Де Сези, чтобы скрыть замешательство, охватившее его, подбросил в курильницу ароматические травы и постарался окутаться дымом. Он вспомнил день, когда Арсана потребовала именно эти доказательства. Он уступил, зная, что… концы в воду. Выплыла ли она сама, или только пояс нашли? Де Сези хотел спросить об этом, но язык его словно прилип к гортани.

Саакадзе насмешливо следил за струями фиолетового дыма.

— Опрометчивые поступки не похожи на дым курильницы, они оставляют след. Разве не мог за графа написать слуга? Боно? Посол может писать даже о том, что настал час, когда одно государство может ограбить другое, но грабителю опасно доверяться медальону. — Заметив нервное движение руки де Сези, Моурави услужливо подал ему шпагу и хладнокровно продолжал: — Так вот, говорить все можно, особенно красивым женщинам, но писать опасно.

— Сколько?

— Все!

— Все! Все! — теряя самообладание, взревел де Сези. — И Серого монаха? И кардинала Ришелье?

— Нет, они мне ни к чему. А вот послу нужны сдержанность и улыбка, а не НИЧЕГО на птичьем молоке.

— Вы… Вы надеетесь играть со мною, как с голубком коршун?

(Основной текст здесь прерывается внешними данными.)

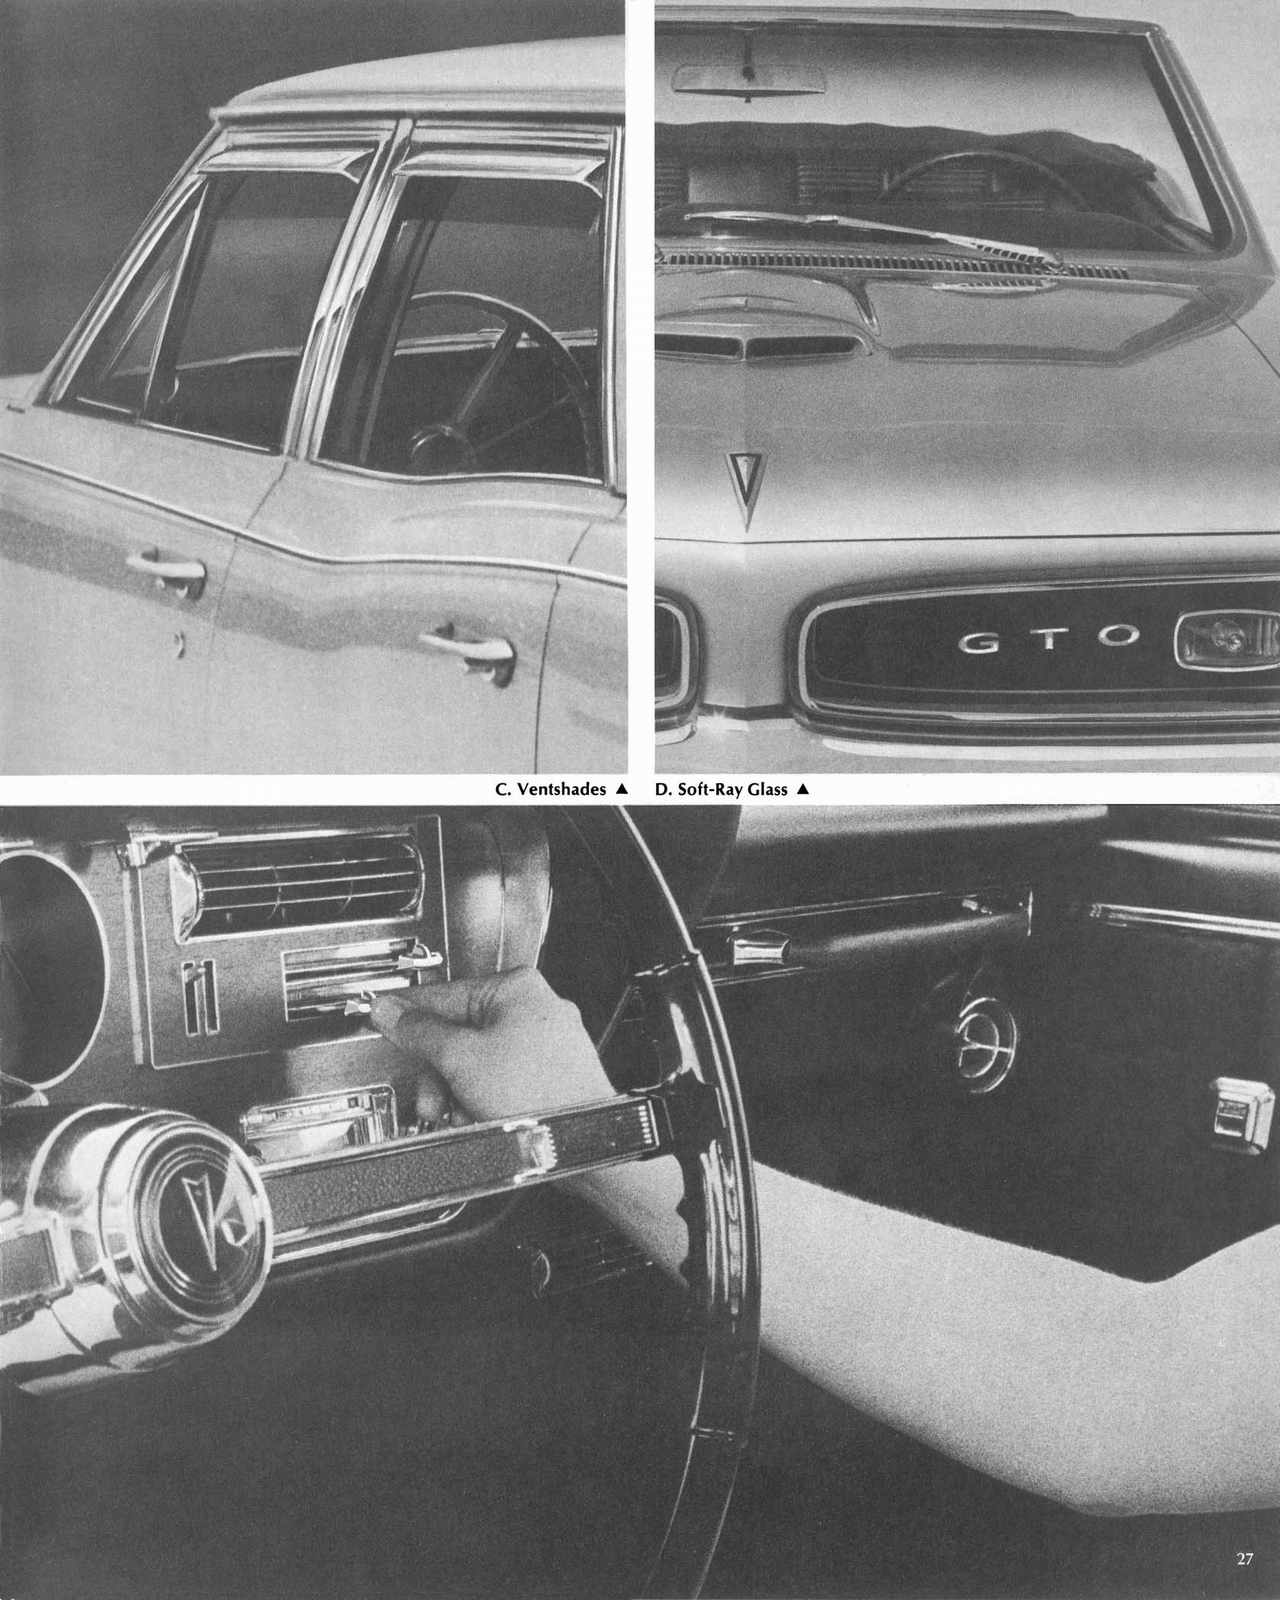 n_1966 Pontiac Accessories Catalog-27.jpg

— Вернее, как барс с лисицей.

— Сколько? — прохрипел де Сези. — Сколько?!

— За что?

— За письмо и медальон?

— Жизнь Эракле Афендули неприкосновенна.

— Согласен!

— Не верю!

— Отлично! Что в залог? Сундук?

— Э-э, посол так дешево ценит бесценную жизнь Эракле?

— Но, мой бог! Я уже расплатился с вами, и довольно щедро! Вы раньше срока узнали о тайном решении Дивана.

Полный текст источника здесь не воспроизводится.